Bill Fan
For my computer vision project, I decided to solve a simplified version of the visual-SLAM problem, where a neato drives around in an environment with Apriltag fiducials and uses the combination of its odometry and camera video stream to map out where the Apriltags are, and where it is itself. One major reason for combining Apriltags with odometry is to correct for the inevitable accumulated errors of odometry. Because wheel odometry sensors are integrated to compute overall robot displacements, small errors at specific moments, such as wheel slippage, can accumulate over time into a large error: if the robot wheel slips at one time, then every future pose will be off track. Our goal is to solve this by using Apriltags to
To narrow down the scope of the project, I collected a dataset of a neato driving two near-perfect rectangular laps around MAC128. We can see that while the video stream shows the robot driving two laps in a rectangular pattern, the odometry exhibits both minor drift in the first lap, and is seriously thrown off by bumps in the ground during the second lap. We will attempt to resolve these using our visual-SLAM algorithm.
Intuitively, a long-term estimation problem such as SLAM involves many different measurements taken from many different system states, and the relationships between which measurements representing which states can get complicated quickly. You may have measured a tag’s position a hundred different times, but each one of those are only dependent on the robot’s position at a single point in time. In the language of probabilistic robotics, we are interested in sorting through these relationships of dependence in order to figure out which states and measurements are mutually independent, and which ones are not.
The typical solution to conceptualizing these sort of problems is with a factor graph. A factor graph consists of two types of nodes: state nodes, which represent unknown variables of interest, and measurement nodes, which consist of concrete quantitative values. Measurements connect the states that they are dependent on. For example, a measurement that involves a single state, such as the prior belief on the robot’s initial pose, is only connected to that initial pose. By contrast, odometry measurements describe the relative displacement between the robot’s pose at two points in time, and therefore are represented as node in-between states. Finally, while a single Apriltag may be observed at multiple points in time, we assume that the Apriltags themselves are stationary, and therefore these separate observations are between different robot poses and the same tag pose.
The factor graph is merely a way of representing the problem so that we can both describe it to each other, and elegantly to a computer - in reality we will convert the graph into a nonlinear least-squares problem, which will be solved by standard numerical algorithms such as Levenberg-Marquardt. To see this conversion, imagine each measurement factor as presenting a cost function whose inputs are a set of proposed values for the states it is related to, and whose output cost is the difference between the hypothetical measurement between the proposed states and the true measurement. For example, consider the pseudo-code of an odometry factor:
def odometry_factor(pose_1, pose_2):
measured_displacement = [d_x, d_y, d_theta]
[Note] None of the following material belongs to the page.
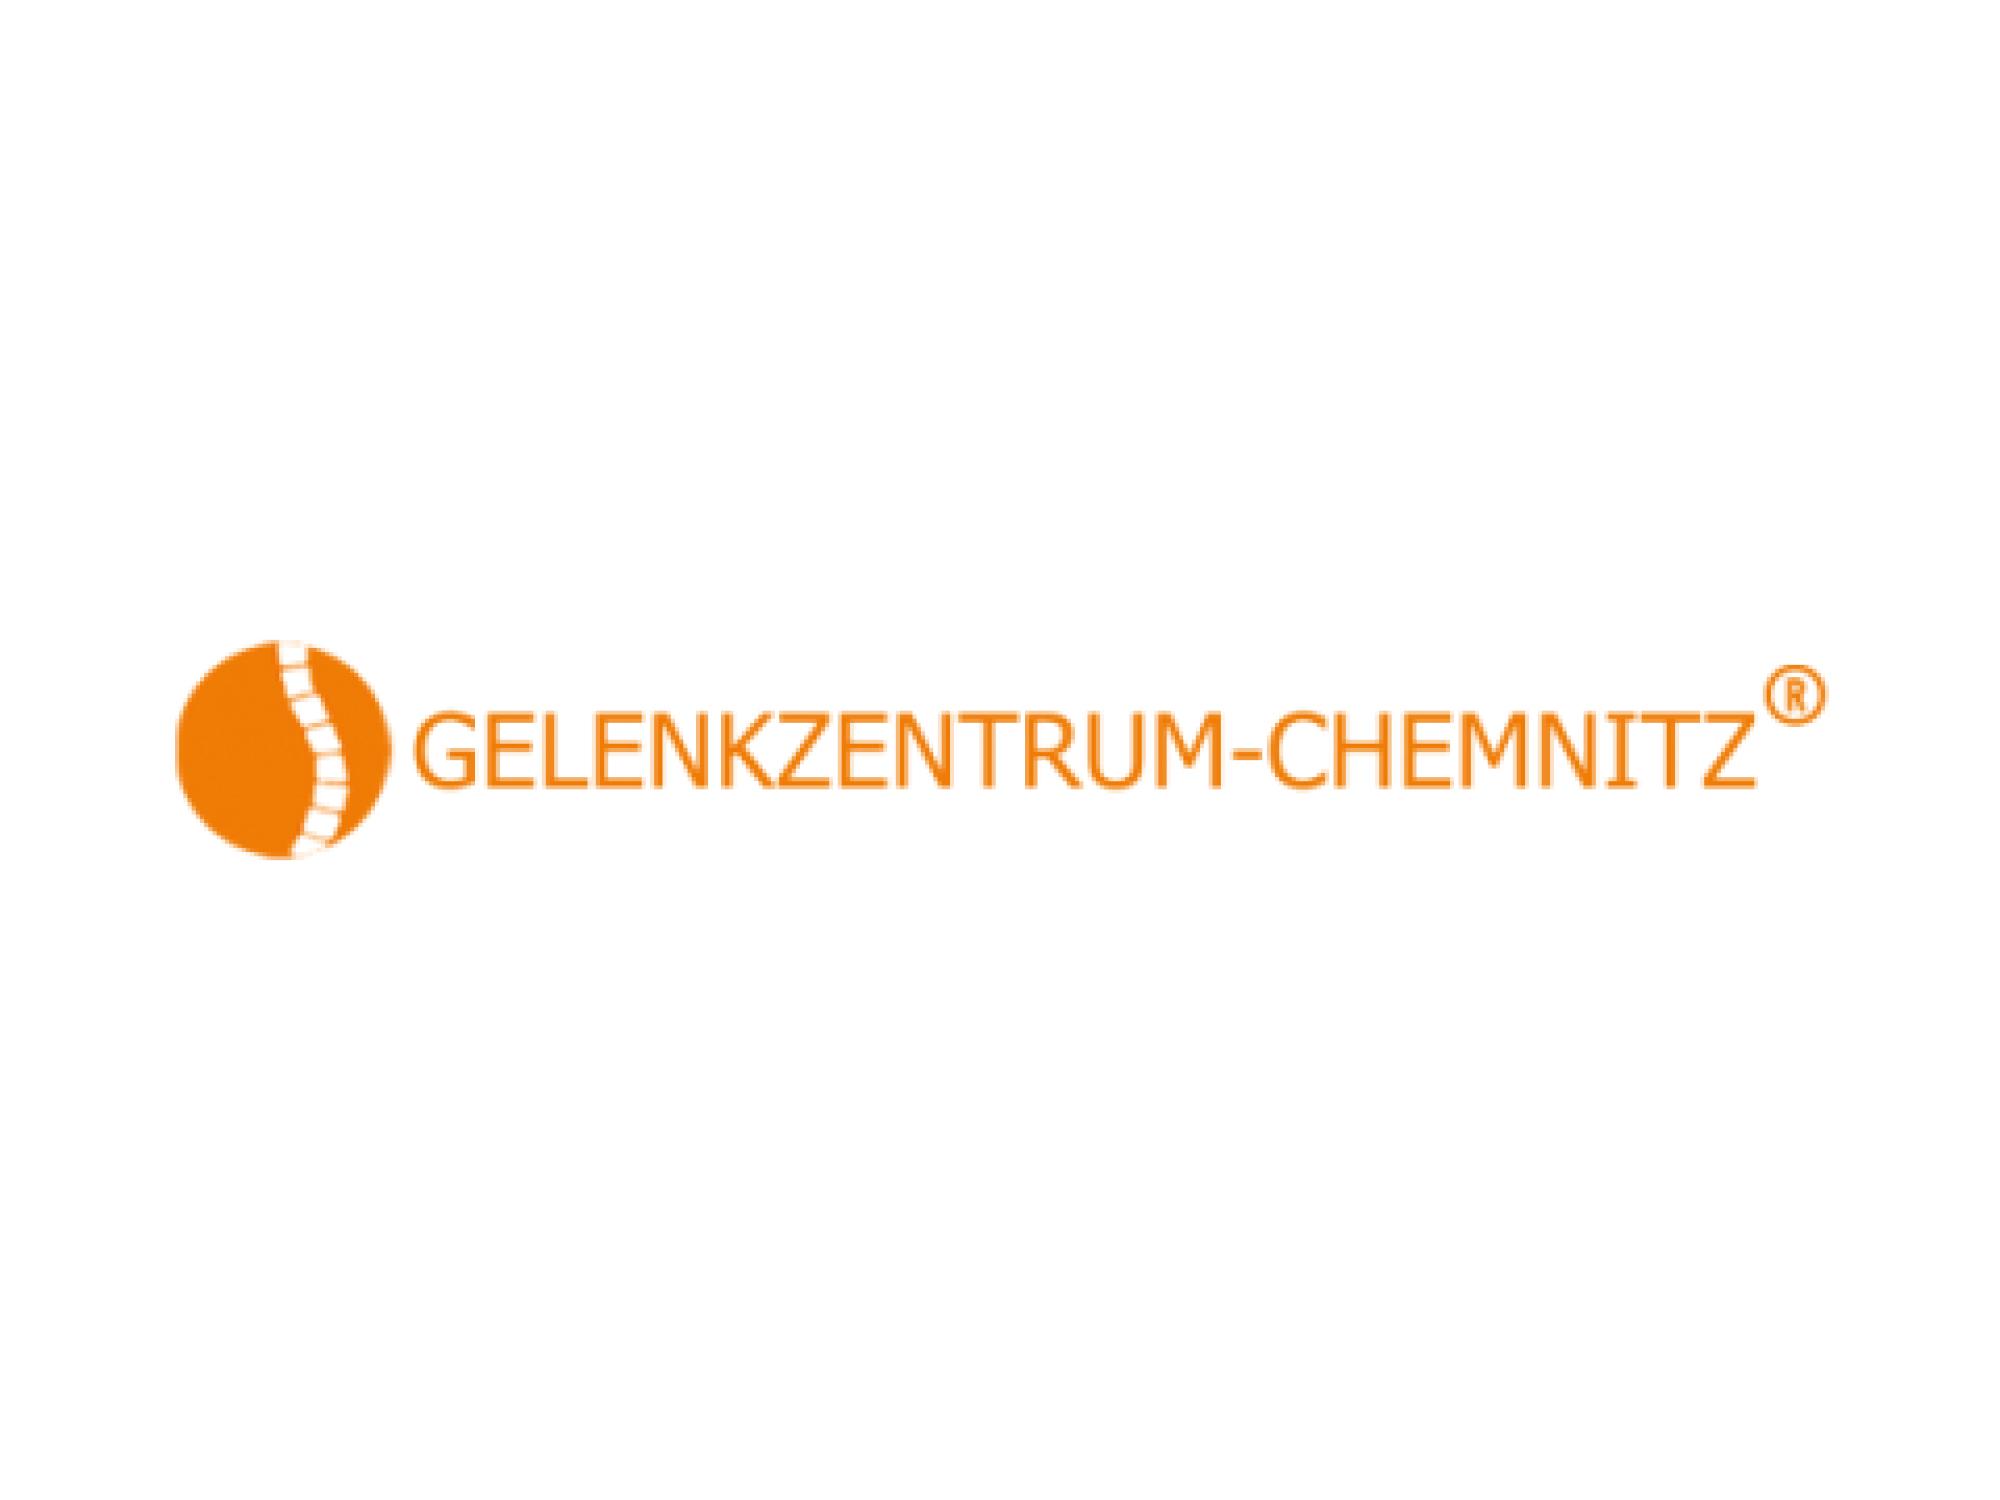 Gelenkzentrum Chemnitz
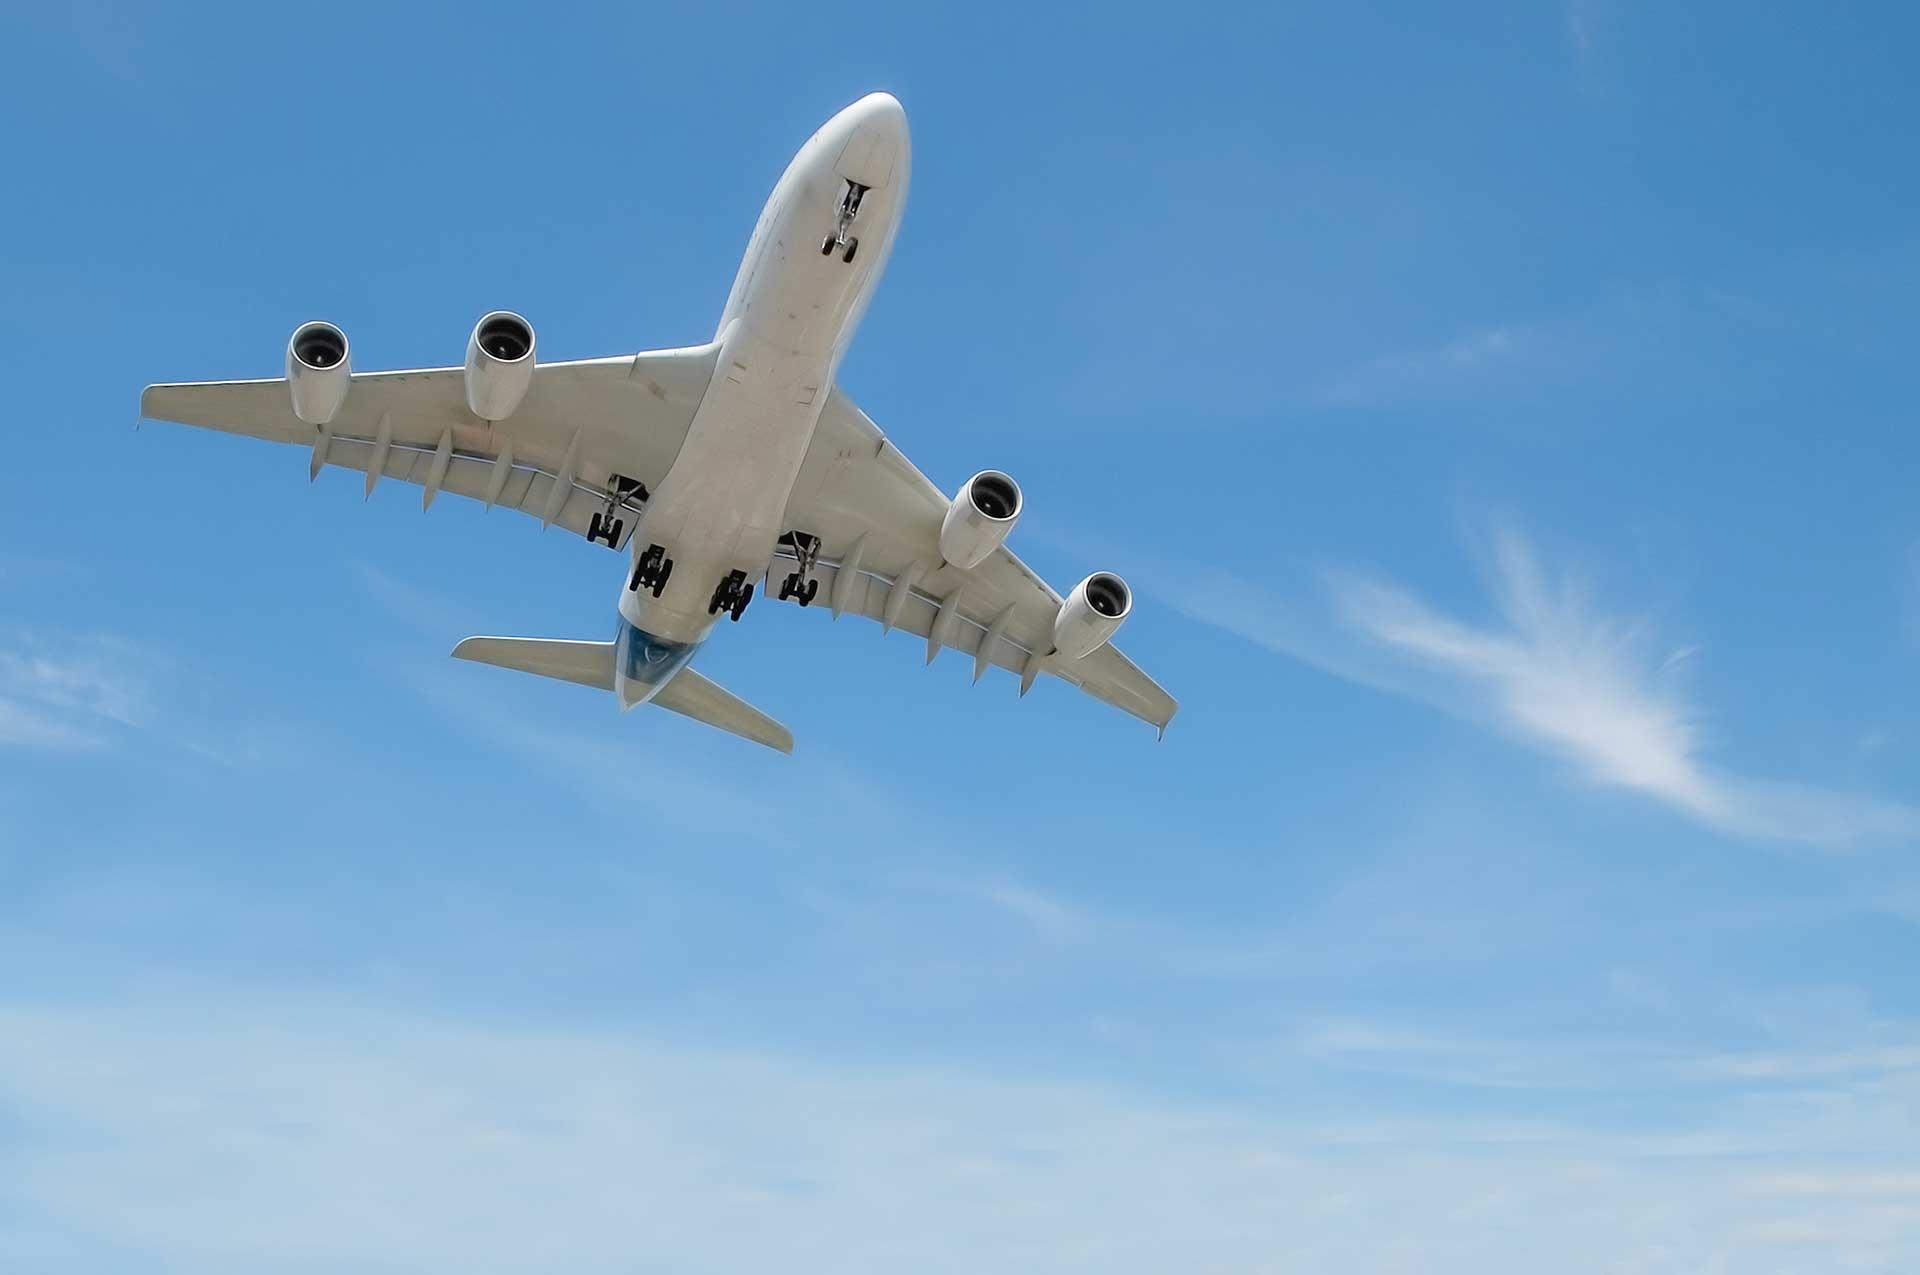 Tratamiento del barotraumatismo o molestias en el oído tras un vuelo

proposed_displacement = pose_2 - pose_1 # Simplification for pose difference
residual = proposed_displacement - measured_displacement
return residual
Here, we see that each odometry factor under the hood consists of a function whose inputs are the two proposed values for the poses before and after a measured displacement, the proposed measurement is the displacement/difference between these poses, and the “cost” is the difference between the proposed displacement and the measured displacement. It is not hard to see then how finding the two poses that minimize this cost will present us with two poses that fit our measurement between them.
To solve the overall factor graph, we simply apply this process to each of our factors to collect a large system of cost functions. Finding the most probably trajectory of the robot then corresponds to finding the overall set of state variables minimize the costs of all functions. These mathematical problems can get quite large, but because each measurement factor is only connected to a few other states, this creates mathematical problems that are sparse, and therefore numerically tractable to solve.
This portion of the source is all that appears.